Post-Secondary Education

In my current experiences as a post-secondary student, I have found the curriculum design in this context to be challenging, engaging and motivating. While post-secondary education may not be as broad a context as healthcare, I still find that it covers a wide range of experiences, sub contexts and subject matter, which influence the design of instruction. However, the demands on instructional designers in this field seem to have some common features including the ability to “revise, create, and innovate,” adapt to changes with each new semester and group of students, set aside time for research, and “develop a good rapport with faculty” (Reiser and Dempsey, 2012). I face similar challenges in the elementary education world such as the stamina to keep up to date on changing curricula, state expectations, available resources, innovative teaching methods and new technology. The traditional expectations of creating learning experiences and material, while also maintaining the knowledge to serve as a subject matter expert have continue to exist while teachers are also expected to reflect, evaluate, revise and innovate in today’s classrooms all to prepare students for jobs that may not even exist yet. Just as the expectations for post-secondary instructional designers are changing, the pressure on elementary and secondary educators to prepare students for both post-secondary education and a future career is steadily increasing.

Equipping Students with Instructional Design


Overall, I found the skills necessary for IDT in all sectors to include a vast amount of considerations and constraints that seem to continuously evolve as our economy and educational philosophies change.
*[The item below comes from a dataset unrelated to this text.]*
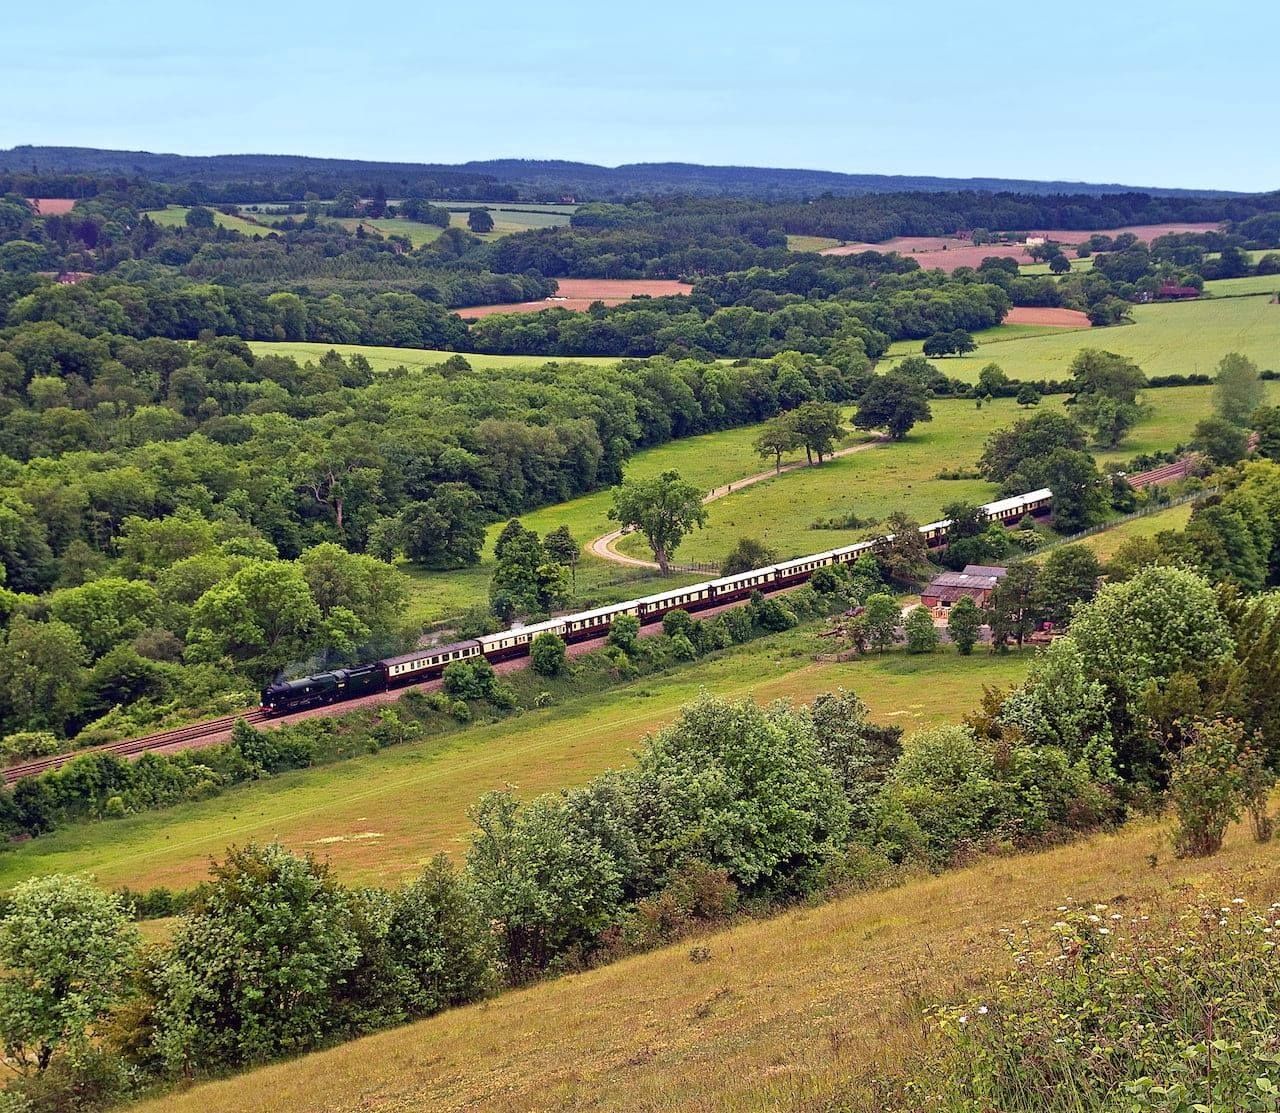 This Train Trip Through the English Countryside Is Launching for

As an elementary educator, I find this to be somewhat stressful as the challenges in each field trickle down to my level of instructional design.
I picture my role as taking on a bottom up approach in trying to equip my students with the thinking processes and problem-solving skills they will need versus filling them with content they may or may not use. A few twenty-first-century skills mentioned in the text that I find crucial for our students are developing a global awareness of the effects their actions have on society; critical, creative, and innovative thinking skills; the ability to seek information from accurate sources and use it for the benefit of solving problems in an ethical manner, collaborative and cooperative teamwork practices, and other life skills including understanding the attributes of an effective leader, adaptability and flexible thinking. In addition to these skills, I have recently found lessons in failure to be invaluable to students who will face problems associated with living in a world that cannot be sustained by current resources. Introducing students to failure at a young age will encourage them to develop a sense of grit as they work to solve problems that seem impossible. While this may seem like a long list of “perfect world” desires, these attributes will encourage students to become productive, contributing members of our future society. Therefore, instructional design at the elementary level should include a variety of opportunities that focus on building these skills in students while still incorporating the content expected by the state. This will be a daunting task, and while our countries methods for educating children have often been criticized, I do think we are headed in the right direction; slowly but surely developing well rounded citizens who are capable of much more than simply scoring well on tests.

Reiser, R. A., & Dempsey, J. V. (2012). Trends and issues in instructional design and technology. Boston: Pearson Education.